Teacher 3. This teacher also models graphing on an overhead and checks 
students (e.g., speaking turn 35). However, similar to Teacher 1, the conversation is 
more focused on delivering guidance on how to make a graph rather than relying 
upon student input. Questions are asked of the students but the responses sought 
are not provided, so the teacher provides the information to the students. 

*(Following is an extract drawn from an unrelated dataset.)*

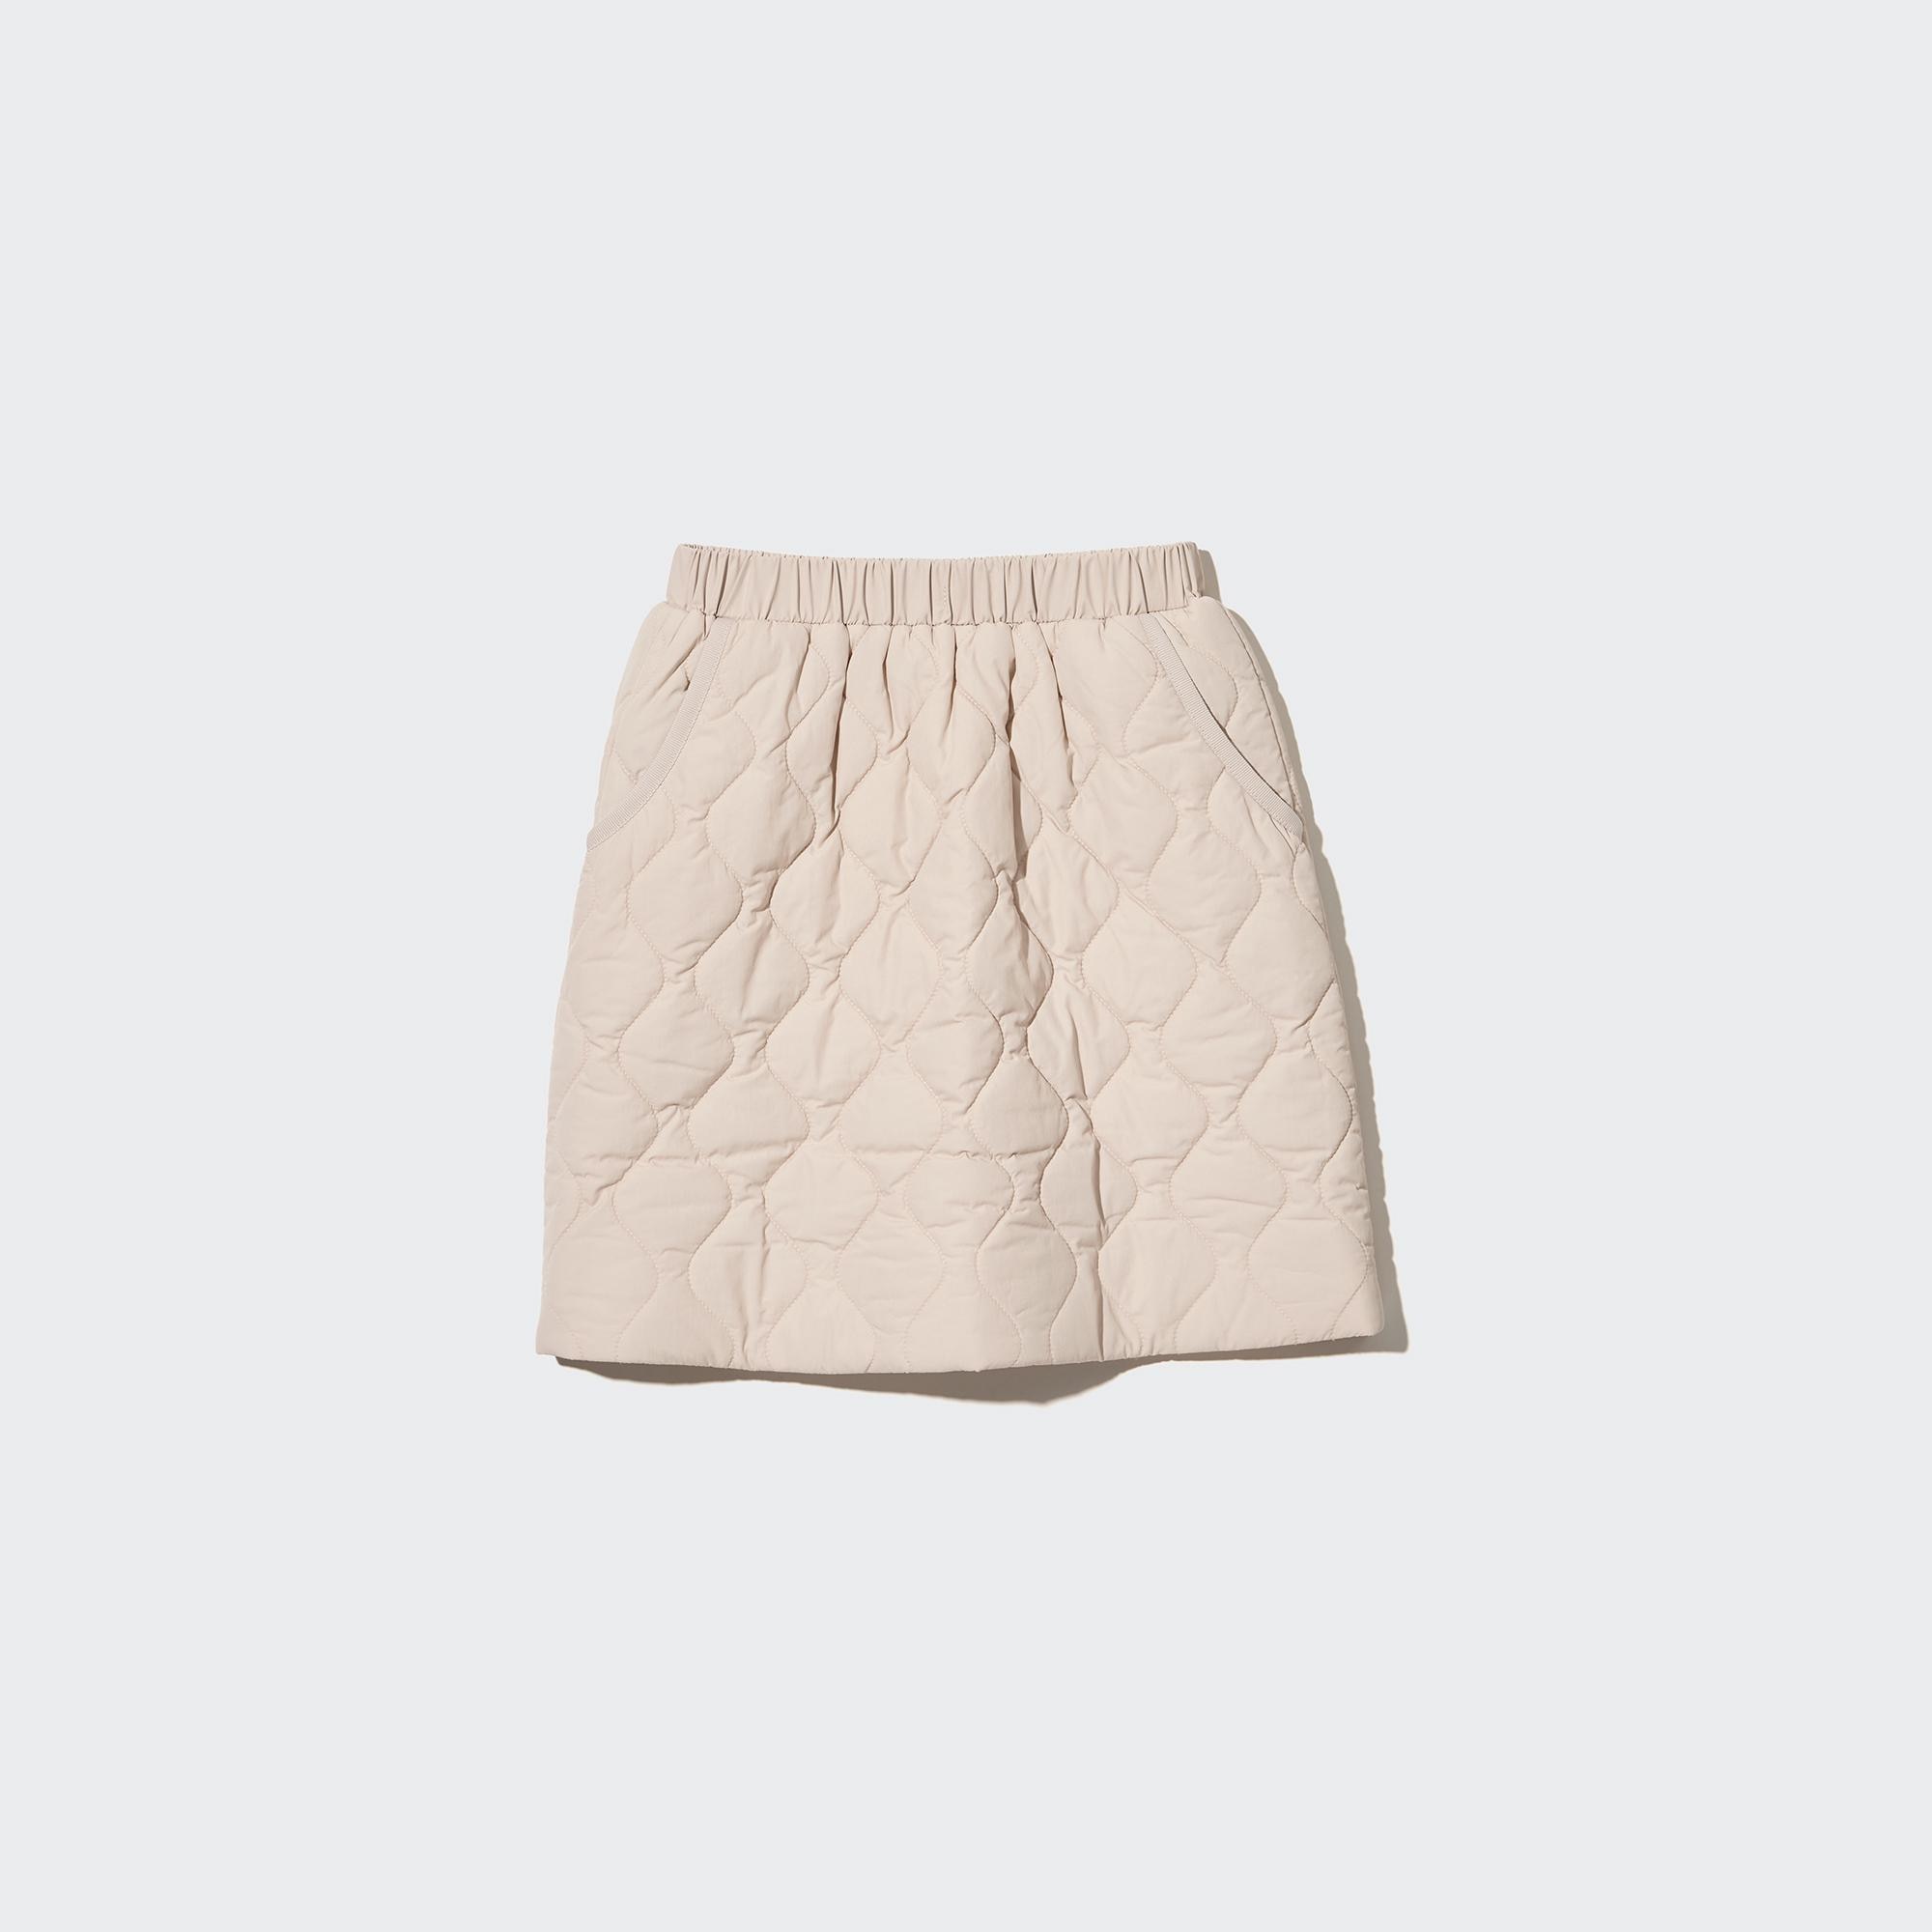 ユニクロキッズスカート（サイズ110） - スカート

13. . .Jane, what do we call that when we number the X and Y axis? 

Labeling? 

14. Right, but what is it after we label the X and Y axis? What does that become? 

The [inaudible], 

15. When I say it, you guys will remember it. It's called the scale. Right, we have to put a 
scale, our scale, it tells us what it is we're measuring, right? Actually, it tells, the title tells us 
what it is we're measuring, but the scale gives us increments to use to measure it with. So, 
looking on our data, where is my data sheet, looking on our data up here, how far do we 
have to go, how big of a number do we [inaudible]? Someone who hasn't talked yet today. If 
you look on here, we want to know the number of bb's; right? We need to be able to fit on 
our graph all the bb's that were counted off in this data table. What's the biggest number that 
we have? Someone who hasn't talked yet. Jessica. 

Forty. 

34. Forty. Is 40 your biggest one? Over here? Oh, you know what, that is our biggest one. We 
can use these numbers. We don't have all of them but we can go ahead and use fhem. So, 40. 
You want to make sure that we can get 40 on the graph. So, you know what, guys, I take that 
back, I take that back. I only want to graph this data to the left of that line; does that make 
sense? Do you guys want to graph these numbers over here? 

No. 

35. The only reason I say that is because I'm looking at my graph, and we're going to have 
our data here all kind of clumped in one spot, and then these numbers are going to be huge 
because we [inaudible] centimeters. So, I think this, for this graph, it might look, it might 
make more sense to [inaudible] this is our first graph, I don't want to confuse you, because 
it's line of best fit I find often confuses people. So I'm going to make this first one a little less 
confusing. So, I only want to graph this part of the [inaudible] . Okay? So, if you're in group 1, 
you're going to do that first, group 1 first. But, anyway, you have that [inaudible]. Does that 
make sense? Did that confuse anybody? No? Okay. 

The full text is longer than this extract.